- **Data provided**
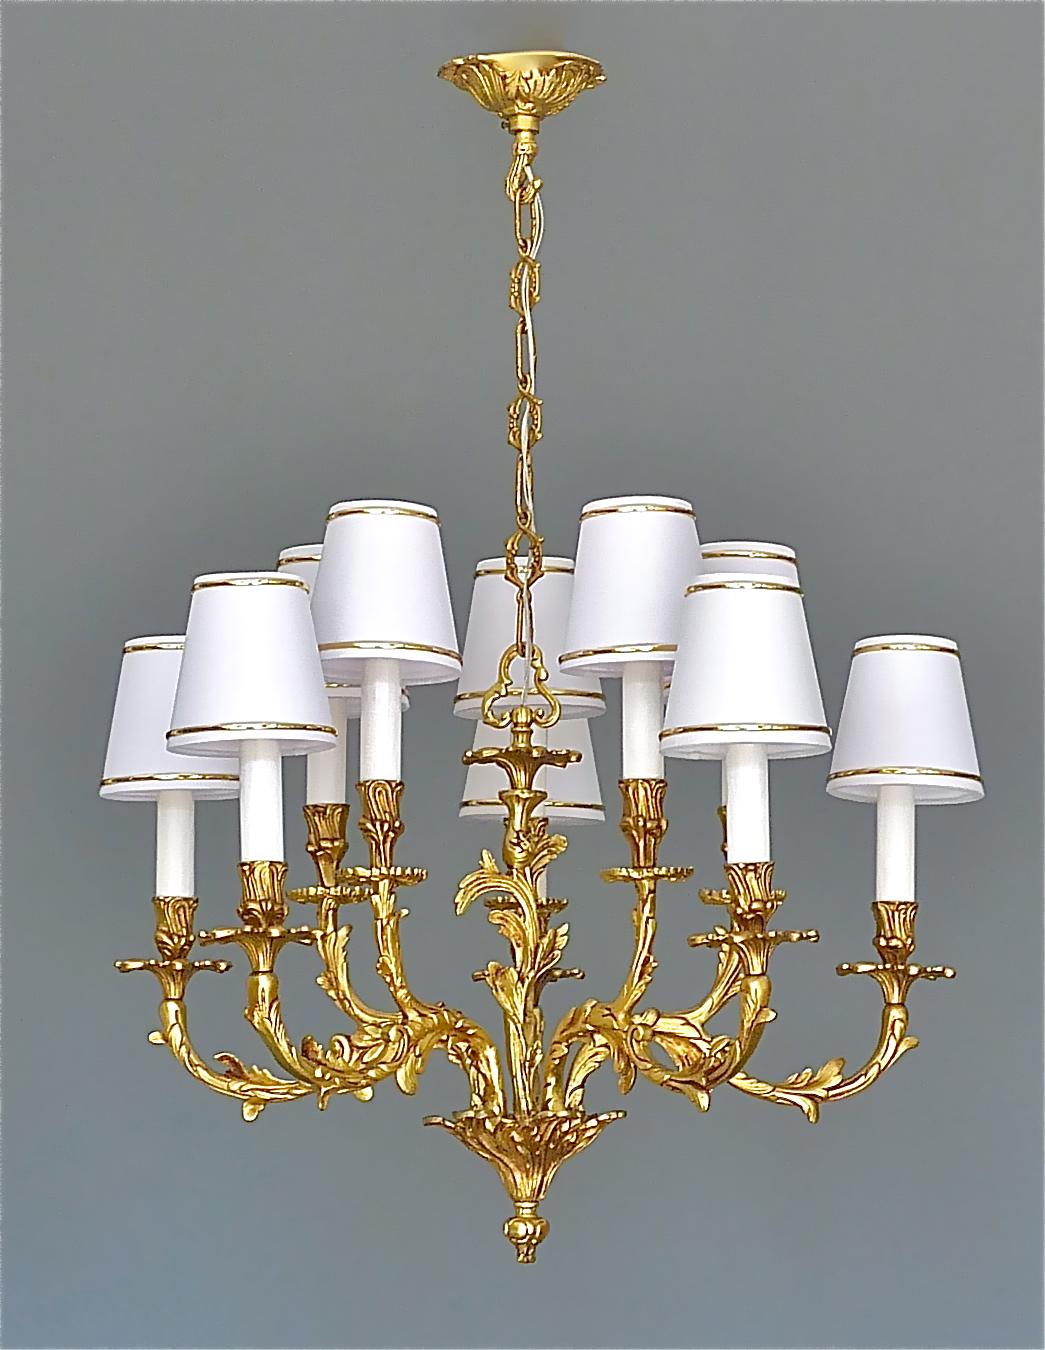 Amazing French Baroque Rococo style ten-light chandelier which can be dated to the second half of the 20th century and most possibly made by Maison Baguès, Paris in France. The wonderful manufactured chandelier is made of gilt bronze with new added
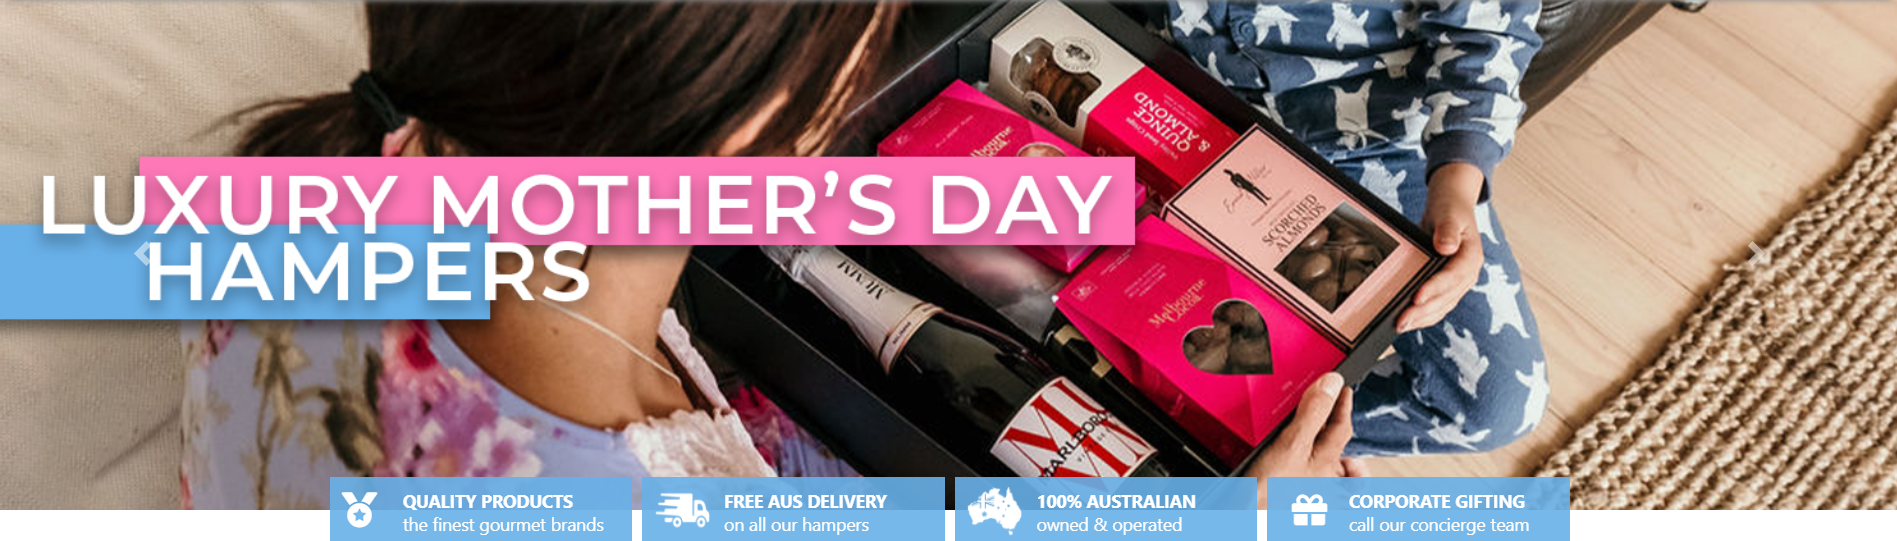 Get Mother's Day hampers from just $39
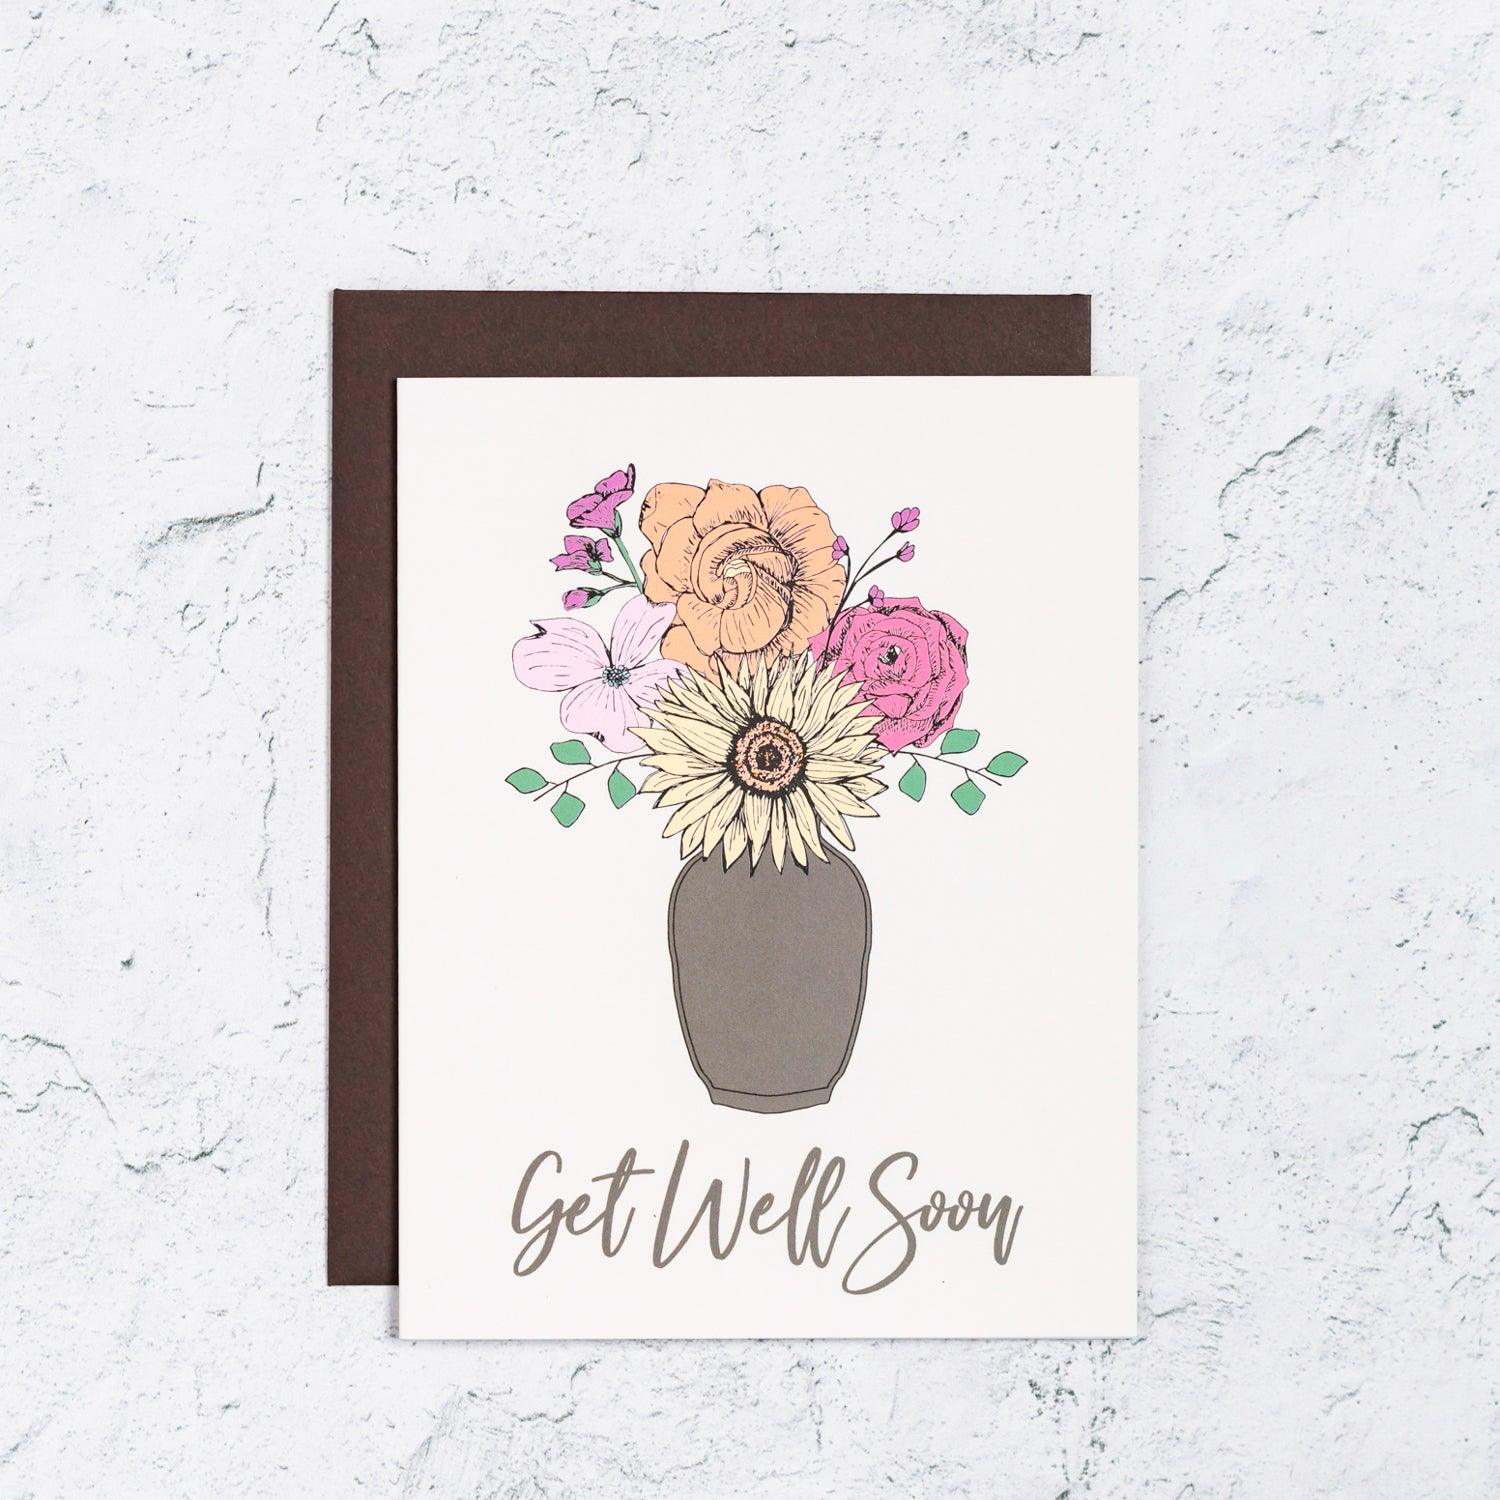 Get Well Soon Card With Flowers in Vase

- **Exercise requirements**
What is needed is the whole listing again, set down exactly, without its pictures.

- **Finished exercise**
 Amazing French Baroque Rococo style ten-light chandelier which can be dated to the second half of the 20th century and most possibly made by Maison Baguès, Paris in France. The wonderful manufactured chandelier is made of gilt bronze with new added
 Get Mother's Day hampers from just $39
 Get Well Soon Card With Flowers in Vase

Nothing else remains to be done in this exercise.